1.4 File sharing and websites

  • BitTorrent, of course, with Mainline DHT.
  • IPFS seems to be getting, well, maybe not popular, but mentioned here and there. There are papers and it is documented, but the implementations are currently in Go (reference), JS (incomplete), and Python (started). So, that would involve setting the whole Go thing to try, but the IPFS whitepaper looks nice. There's plenty of documentation, and a few separate parts (which can be and are isolated into libraries; though would be more helpful if they were actually reusable C libraries), but they still are a part of a single project, which is not small or simple.
  • Freenet is a distributed data store, apparently not very interactive. Or maybe it is; it's in Java, and I didn't try it myself.
  • ZeroNet: haven't tried it, and it's in Python, but apparently it's popular enough to at least mention. Apparently it doesn't care much about security (a HN thread).
  • HTTP/rsync/Gopher/whatever over onion (or otherwise a static address): Tor allows anyone to host a server accessible from outside by a fixed address, and there's plenty of tools to work with common protocols.
  • Gnutella: see below.

1.5 Search

1.5.1 Web crawling

YaCy and a few more (some of which are dead by now) distributed search engines exist. I have only tried YaCy, and it works, though haven't managed to find its technical documentation – so it's not clear how it works.

1.5.2 Other information

These networks include search for files, but by their names, not content-addressable (so they can't be easily verified, what brings additional challenges).

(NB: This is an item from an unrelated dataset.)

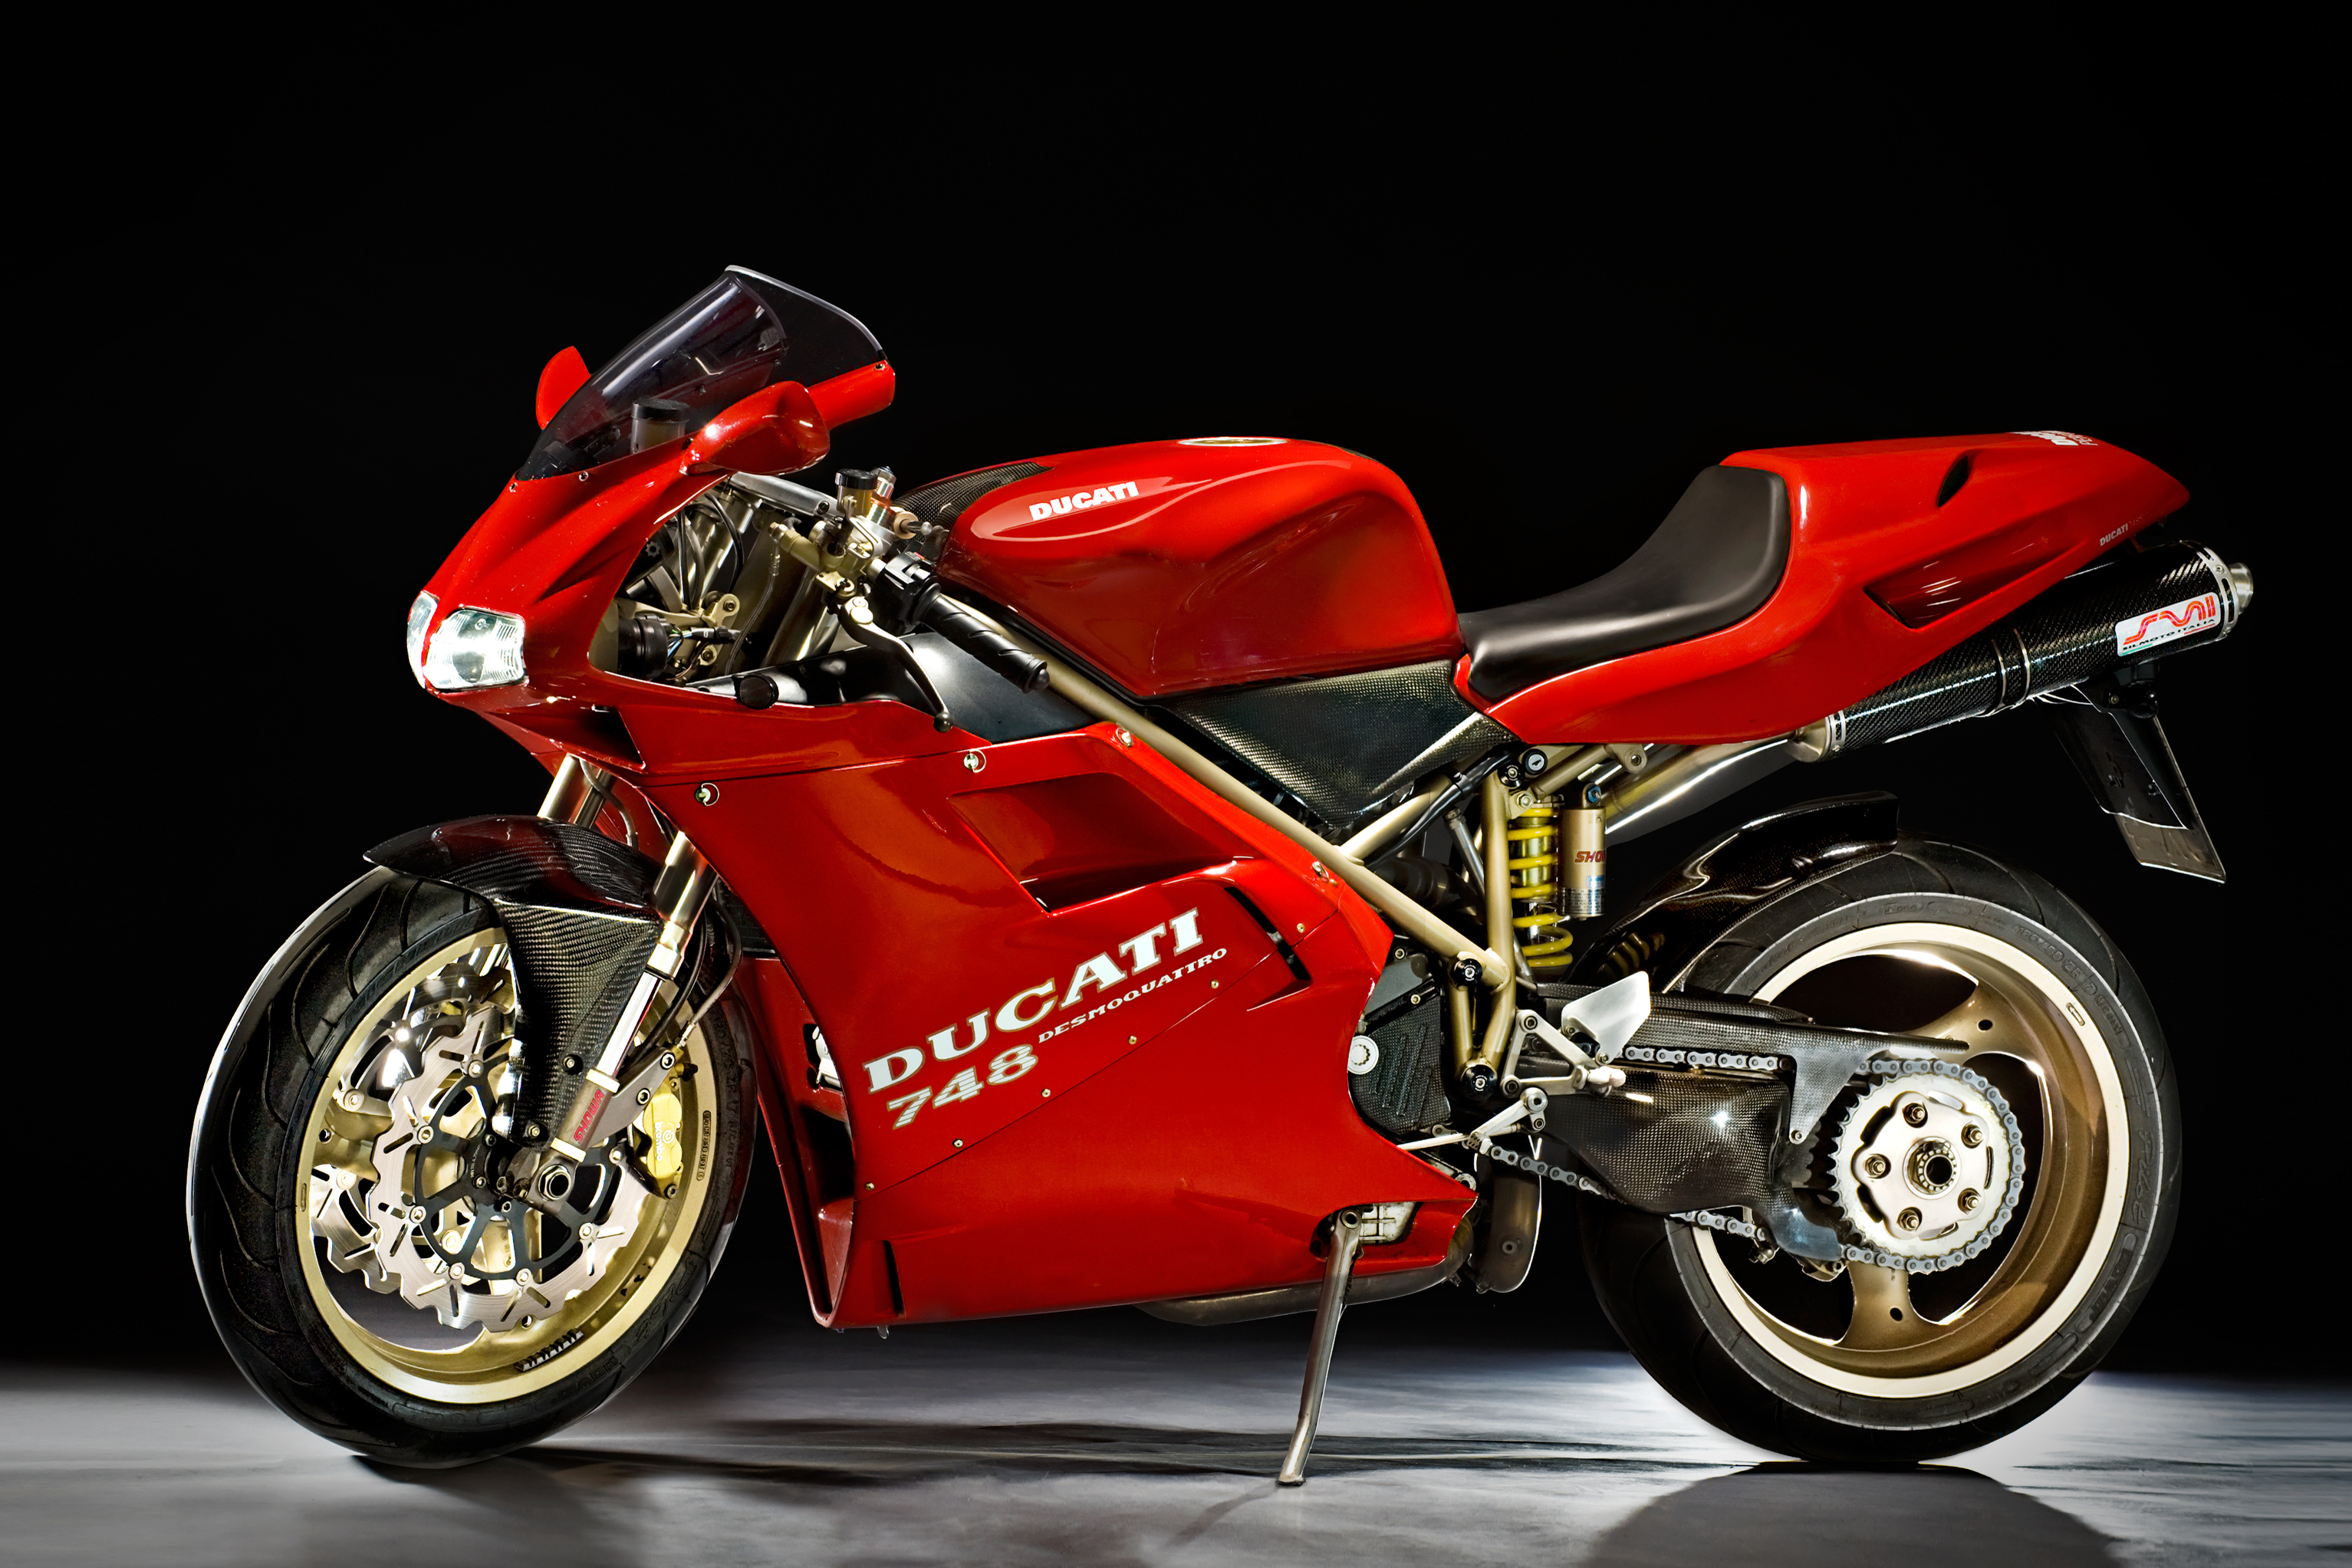 Ducati 748 Prospekt 1999 Motorrad Motorradprospekt Broschüre brochure broschyr

  • Gnutella again: used for file sharing, with query-based search (an unstructured system, as opposed to DHT-based and content-addressable structured ones). Somewhat limited and hardly secure/reliable for search, but seemed to work in practice.

Related papers:

1.6 Cryptocurrencies

Plenty of those popped up recently. Looks like quite a waste of electricity and hardware to me, yet the idea itself is interesting.

1.7 GNUnet

Not sure how to classify it, but here are some links: gnunet.org, wiki://GNUnet, A Secure and Resilent Communication Infrastructure for Decentralized Networking Applications. Seems promising, but tricky to build, to figure how it all works, and to do anything with it now (a lack of documentation seems to be the primary issue, though probably there's more).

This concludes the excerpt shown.